Try not to let it frighten you.

Okay, she said.

You should get home and get some rest.

Okay.

One of them walked her back to the elevator and pressed the button. Honor looked at the oily smears of fingerprints on the metal plate around the buttons and thought that she might be sick. Inside while she was making the short descent, she had to sit down on the floor of the elevator so that she wouldn’t fall down.

CHAPTER FOUR

They met on the steps of the Museum of Natural History. Vivian had never been there and Joe was stunned when she told him because he knew that she had grown up in New York City. I like looking at art not at animals, she had said. He had told her that these animals were works of art, or interesting specimens anyway, and it was a good place to meet. He waited in the wind. He sat down on a step. He thought she might not come. He wouldn’t blame her for not coming. He shouldn’t be there himself. He should be studying in the library. People walked up and down the steps with intention and meaning. Children ran. It was late October and the sky was darkening over the park, quickly, like a bright face turning away to show only a head of falling tresses. The orange and yellow leaves on the trees were shadowed and what had looked golden in the sun now seemed thinner and more tissue-like, papery, not as real although actually more so. He had the newspaper with him but he didn’t read it. It stuck straight up out of his jacket pocket. He decided to stand. He stretched his legs. He walked to the top of the stairs. He gazed north.

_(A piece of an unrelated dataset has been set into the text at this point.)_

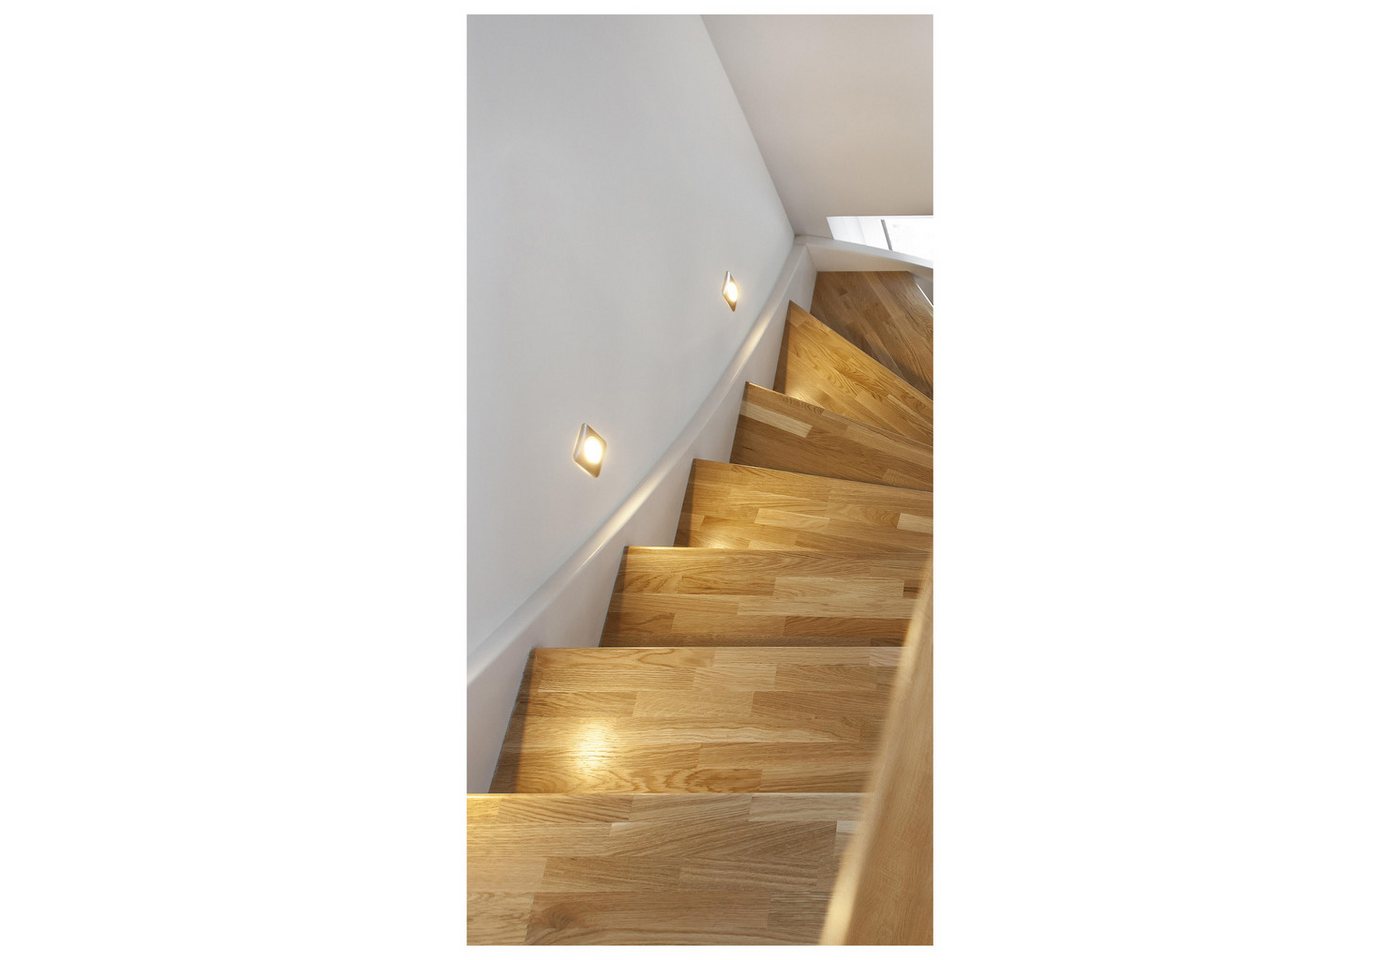 wandmotiv24 Türtapete Blick auf Holz-treppe, Treppen-stufen, glatt, Fototapete, Wandtapete, Motivtapete, matt, selbstklebende Vliestapete von wandmotiv24

She surprised him from the other direction. She came up behind him and said his name. It sounded different when she said his name because now she knew him and he could hear it in her voice.

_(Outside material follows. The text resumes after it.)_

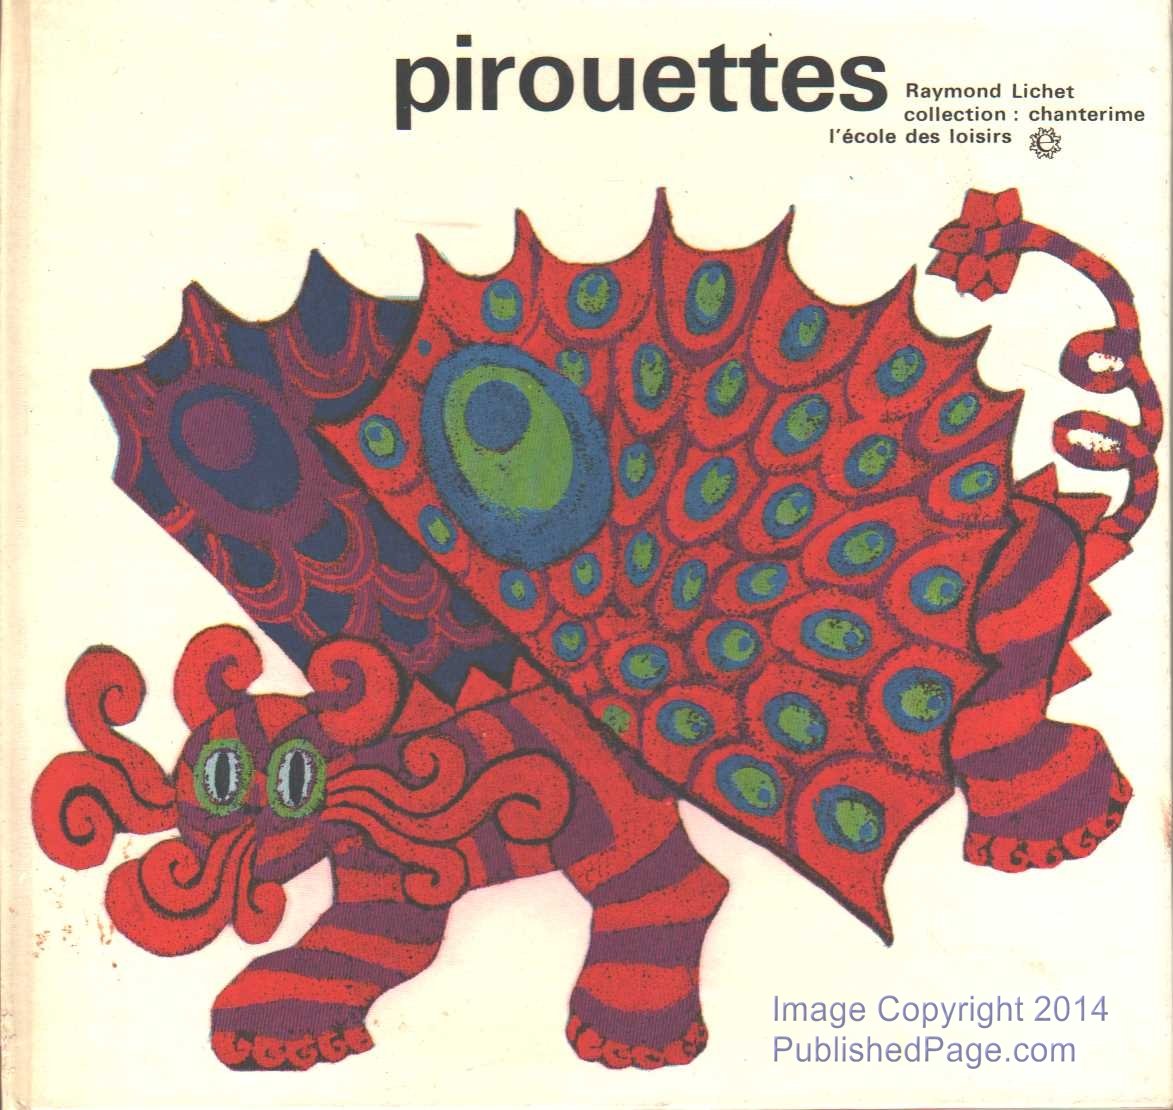 Pirouettes magazine reviews

In the Akeley Hall of African Mammals, which had just recently opened, people stood rapt in front of the dioramas of bongos and mandrills and impalas. They peered into the meticulously reconstructed alternate worlds and seemed to be transported through space. They were still wearing their hats and gloves. Children pressed their hot faces against the glass and the guards kindly told them to step back but it was hard for the children to understand why they could not walk inside, in the wild. Joe identified with the children; he wished he could enter other worlds. Vivian stopped and dutifully admired the taxidermy and detail but she could not pretend that she felt anything. Joe looked at her while she looked at the rain forests and savannahs and he thought that it would be beautiful to see her in those locations under a real moon, a living sun. He could sense that she didn’t really care for any of it, but she was not unkind and said that he was right, it was interesting. They walked around and around the elephants.

I can picture you in any of these places, he said. India, Burma, Siam.

I’d love to go, she said. But I can’t say I feel like I’ve been there from coming here.

I can tell.

I’m sorry.

Don’t be sorry. I thought you would like it but I was wrong. I’m wrong about a lot of things.

He dug his hands into his pockets and looked down at the shiny marble floor.

Like what? she asked.

Hmm, he thought. He lifted his head and gazed up at the ceiling.